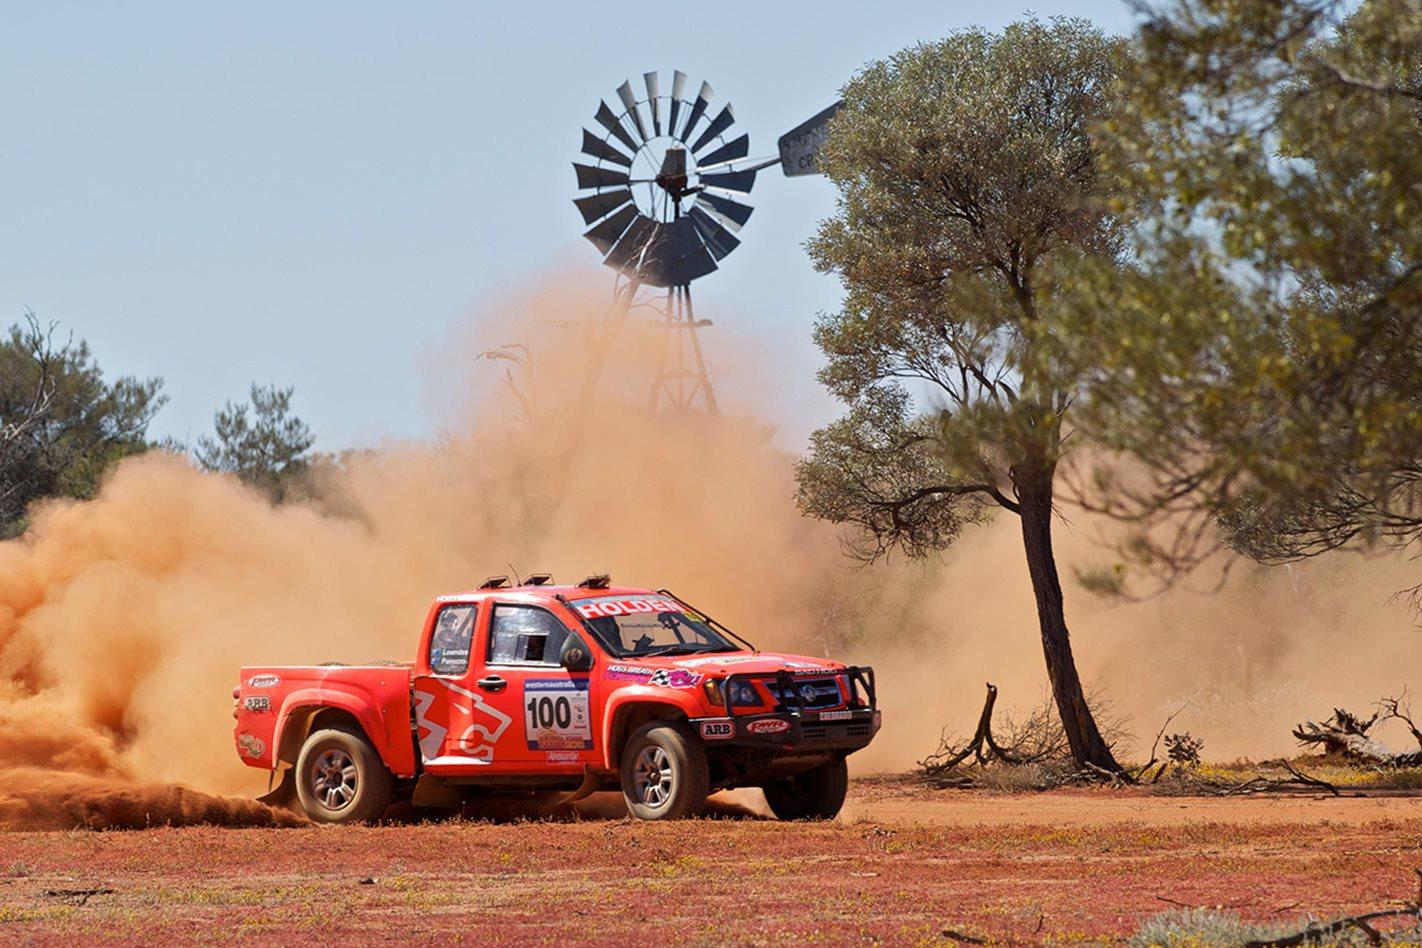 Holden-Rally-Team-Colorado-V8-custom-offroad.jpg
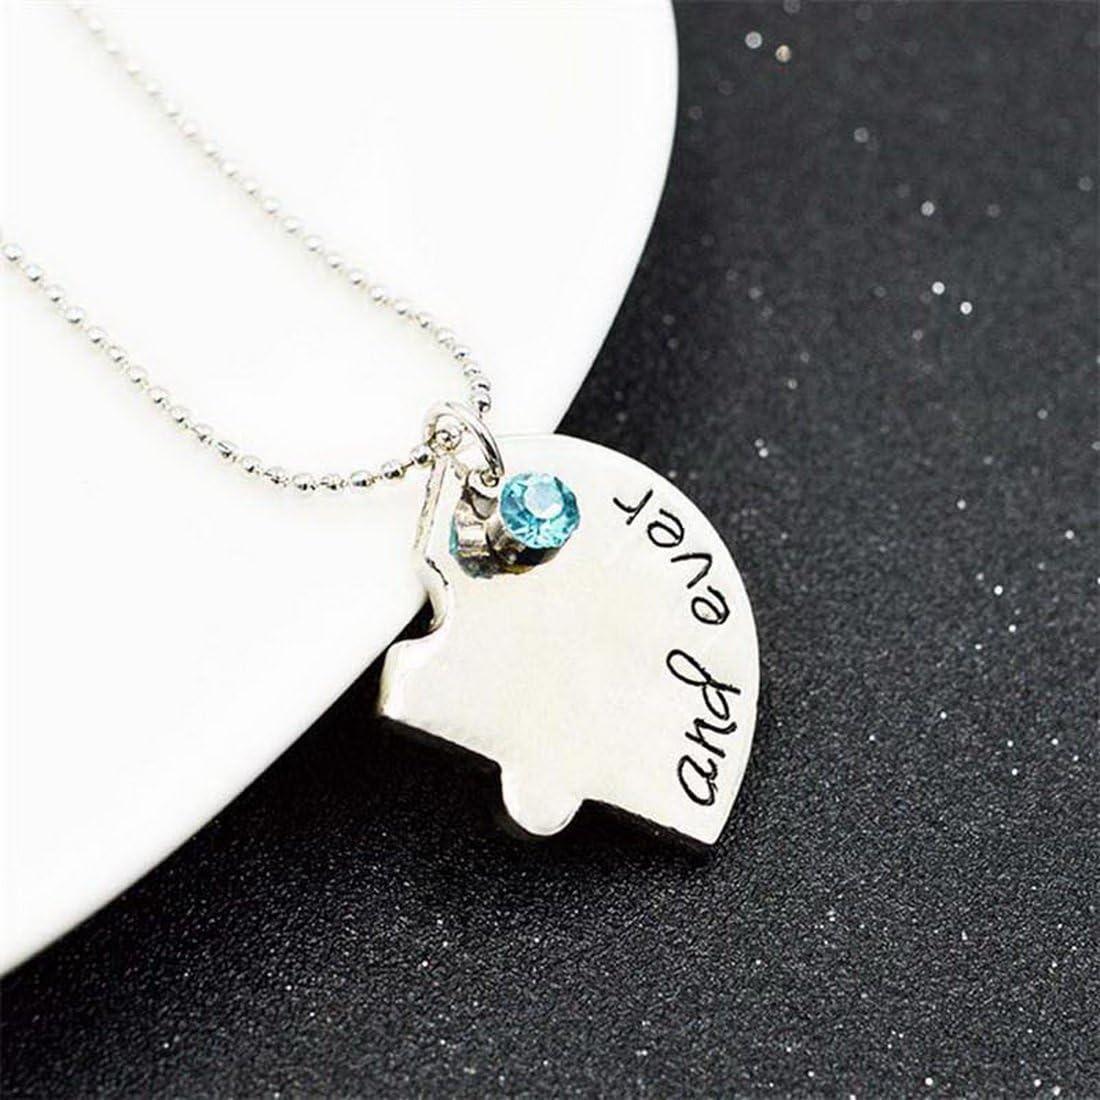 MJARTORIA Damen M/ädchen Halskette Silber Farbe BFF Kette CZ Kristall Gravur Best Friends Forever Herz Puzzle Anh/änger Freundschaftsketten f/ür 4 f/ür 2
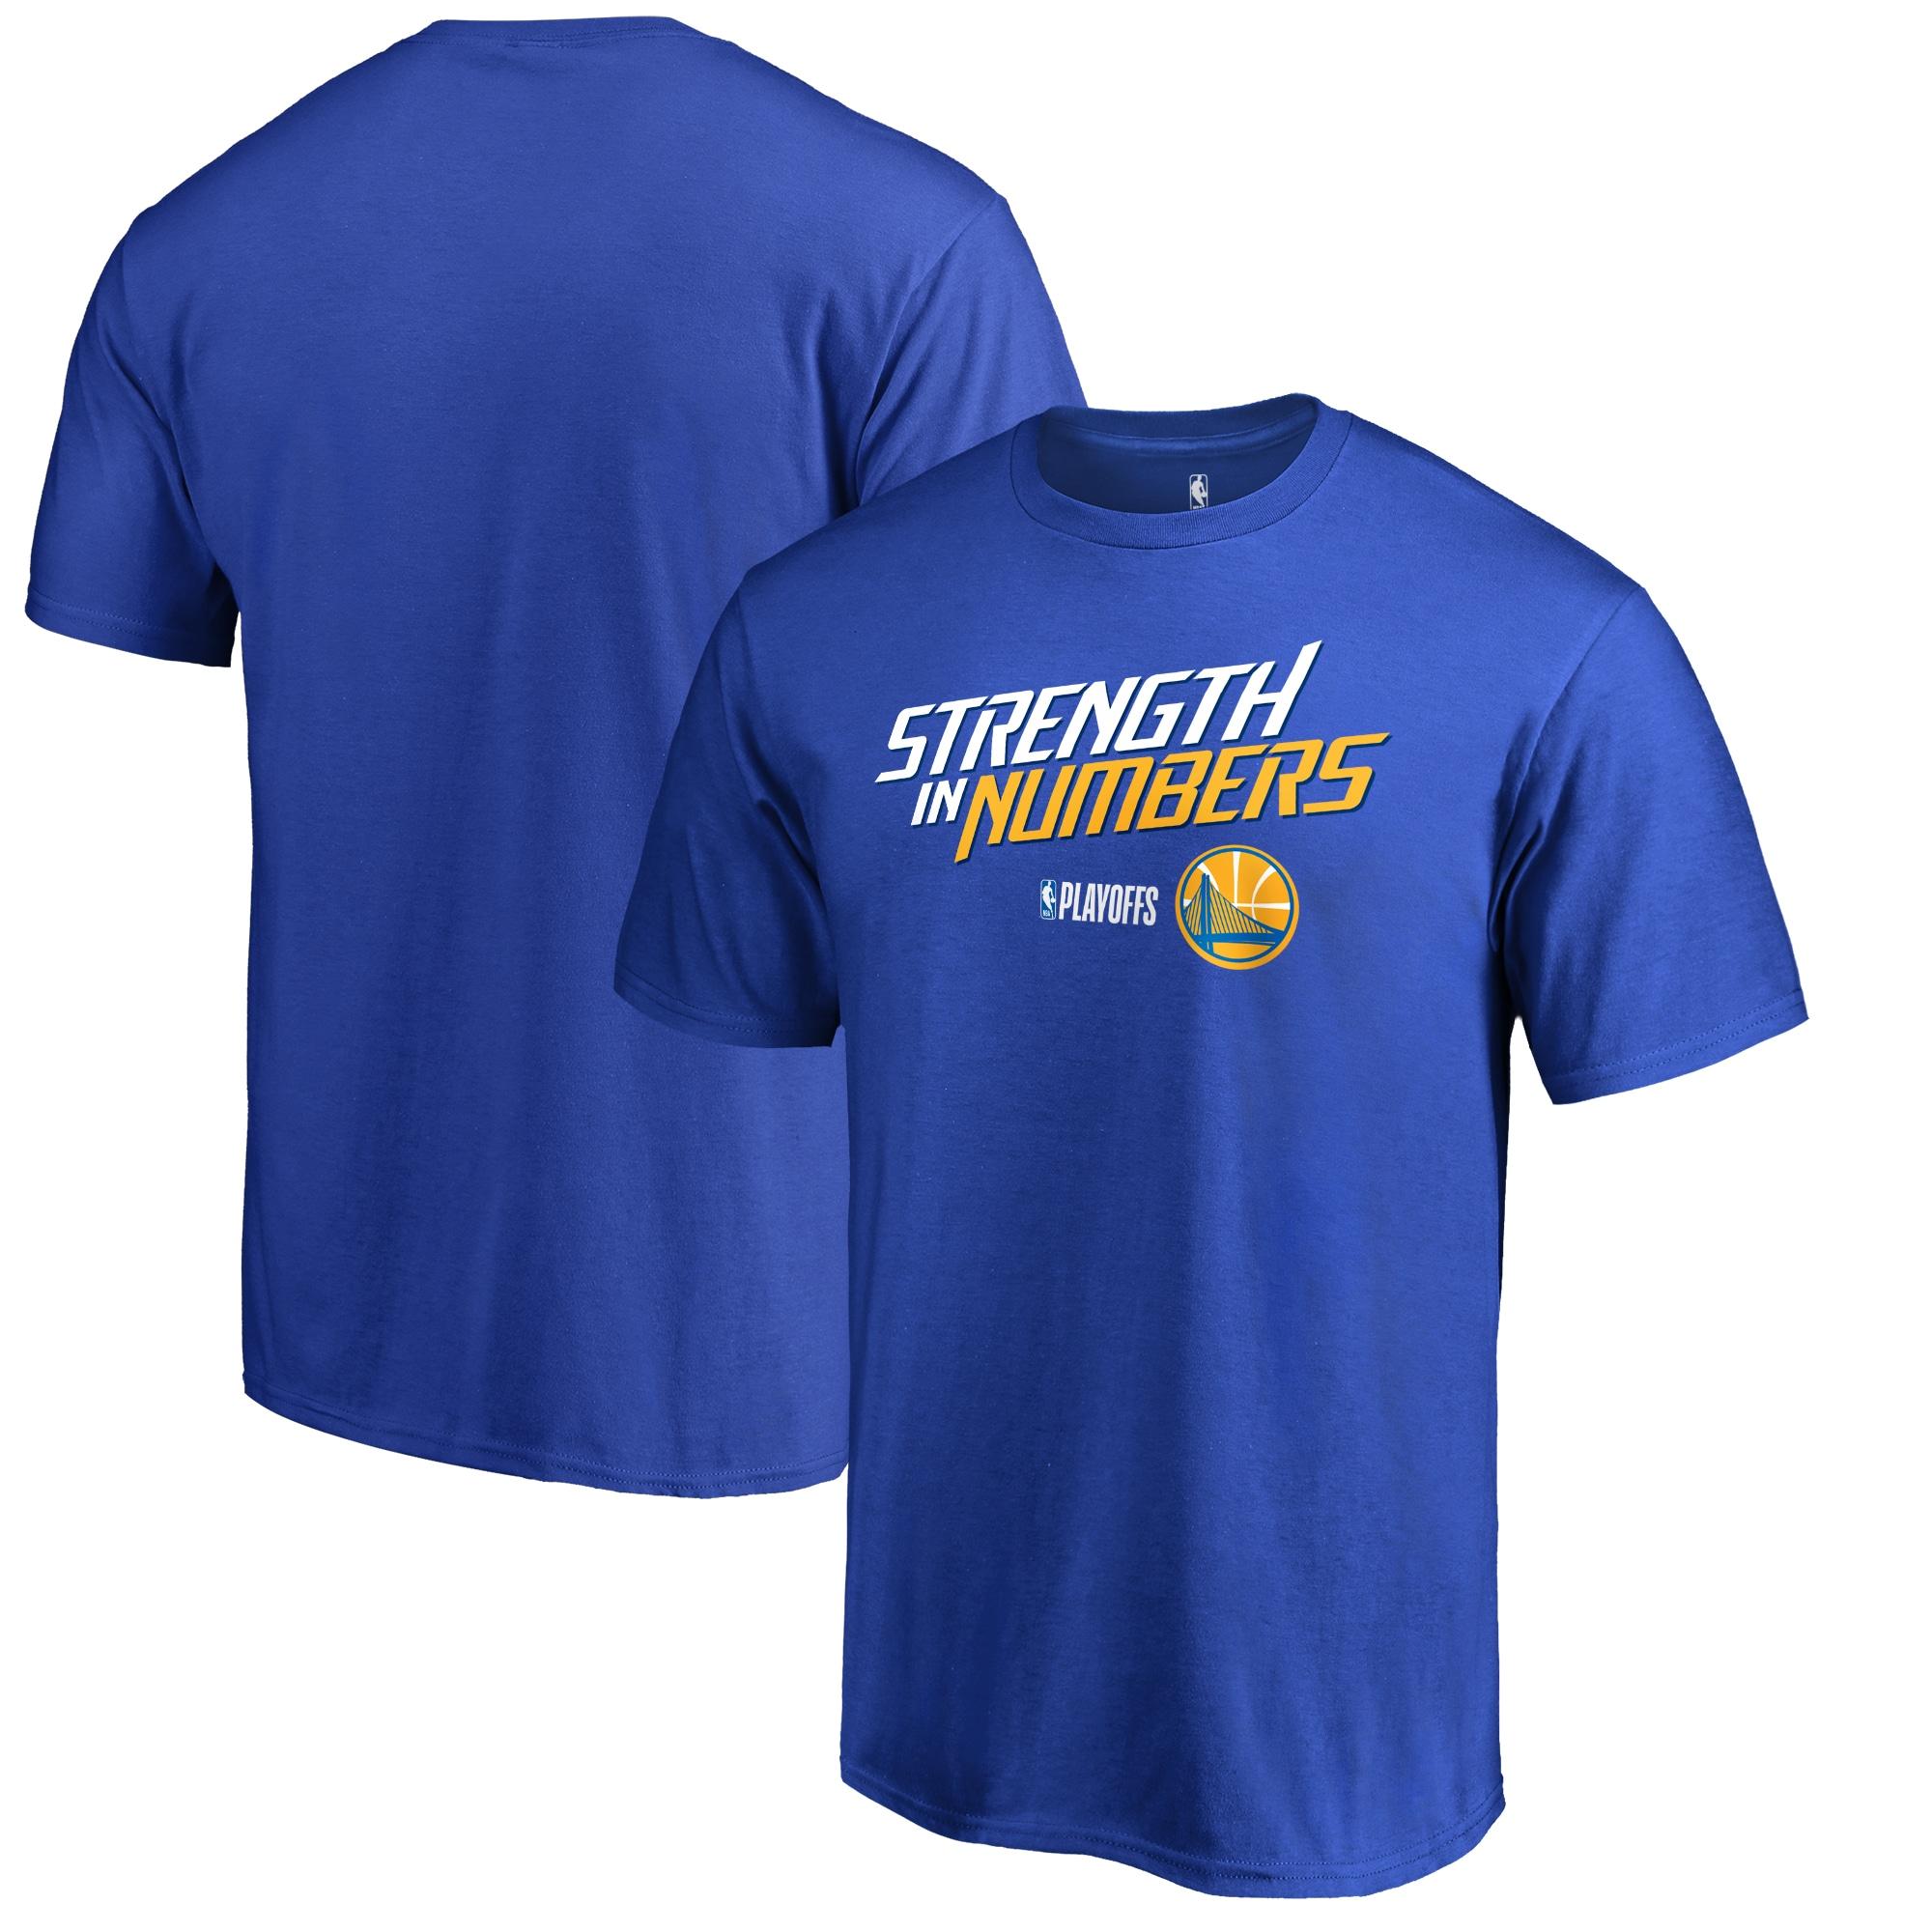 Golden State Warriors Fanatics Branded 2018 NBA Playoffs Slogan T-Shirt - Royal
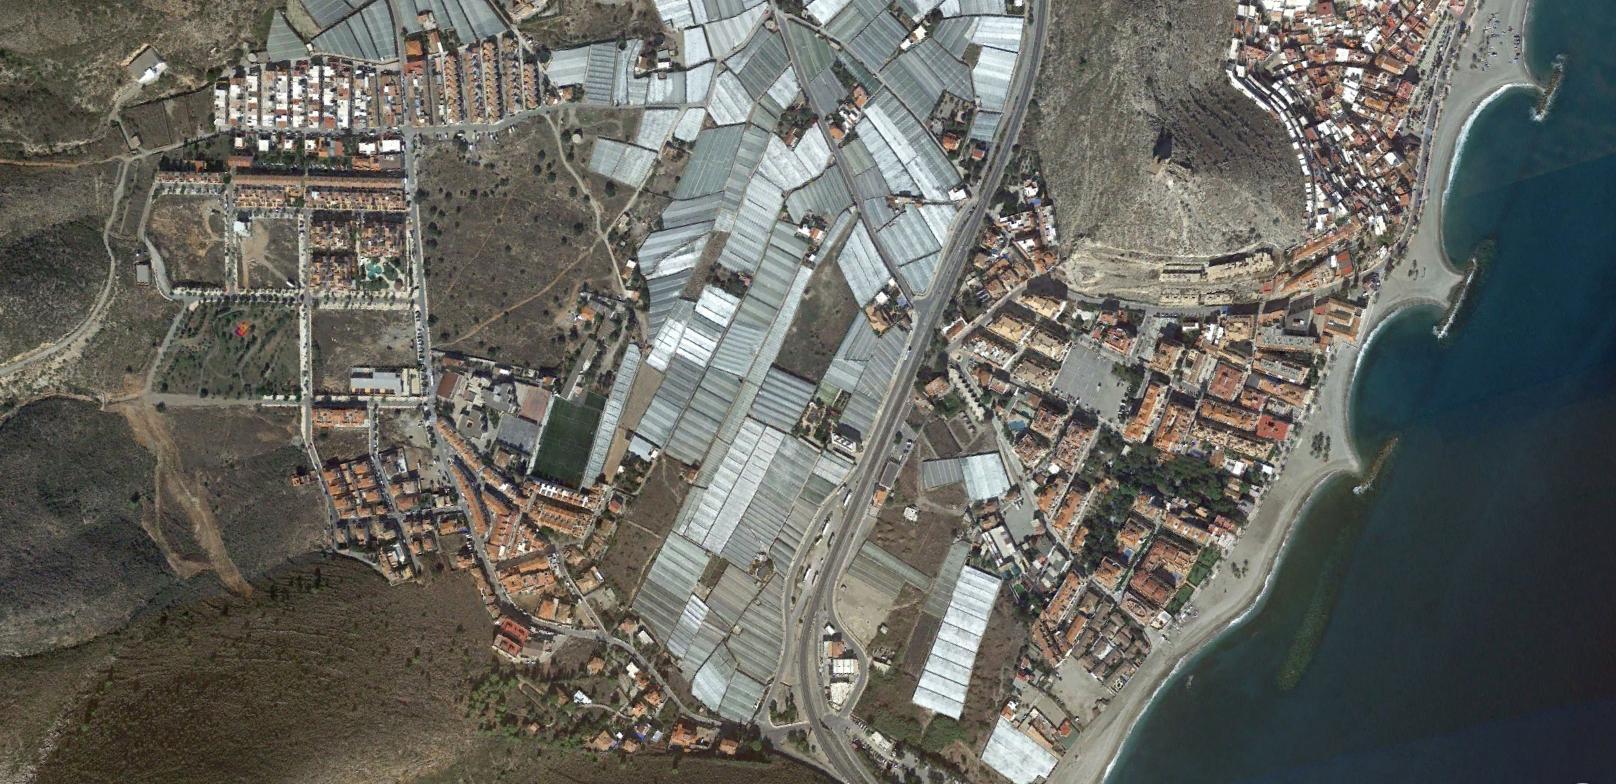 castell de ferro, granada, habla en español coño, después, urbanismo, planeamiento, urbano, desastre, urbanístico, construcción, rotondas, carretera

• _PROBLEM STATEMENT_
Write out an exact reproduction of the lines from the line that holds "MJARTORIA Damen M/ädchen" to the bottom of the listing above, both ends included. Exclude pictures.

• _OUTPUT FOR THIS EXERCISE_
 MJARTORIA Damen M/ädchen Halskette Silber Farbe BFF Kette CZ Kristall Gravur Best Friends Forever Herz Puzzle Anh/änger Freundschaftsketten f/ür 4 f/ür 2
 Golden State Warriors Fanatics Branded 2018 NBA Playoffs Slogan T-Shirt - Royal
 castell de ferro, granada, habla en español coño, después, urbanismo, planeamiento, urbano, desastre, urbanístico, construcción, rotondas, carretera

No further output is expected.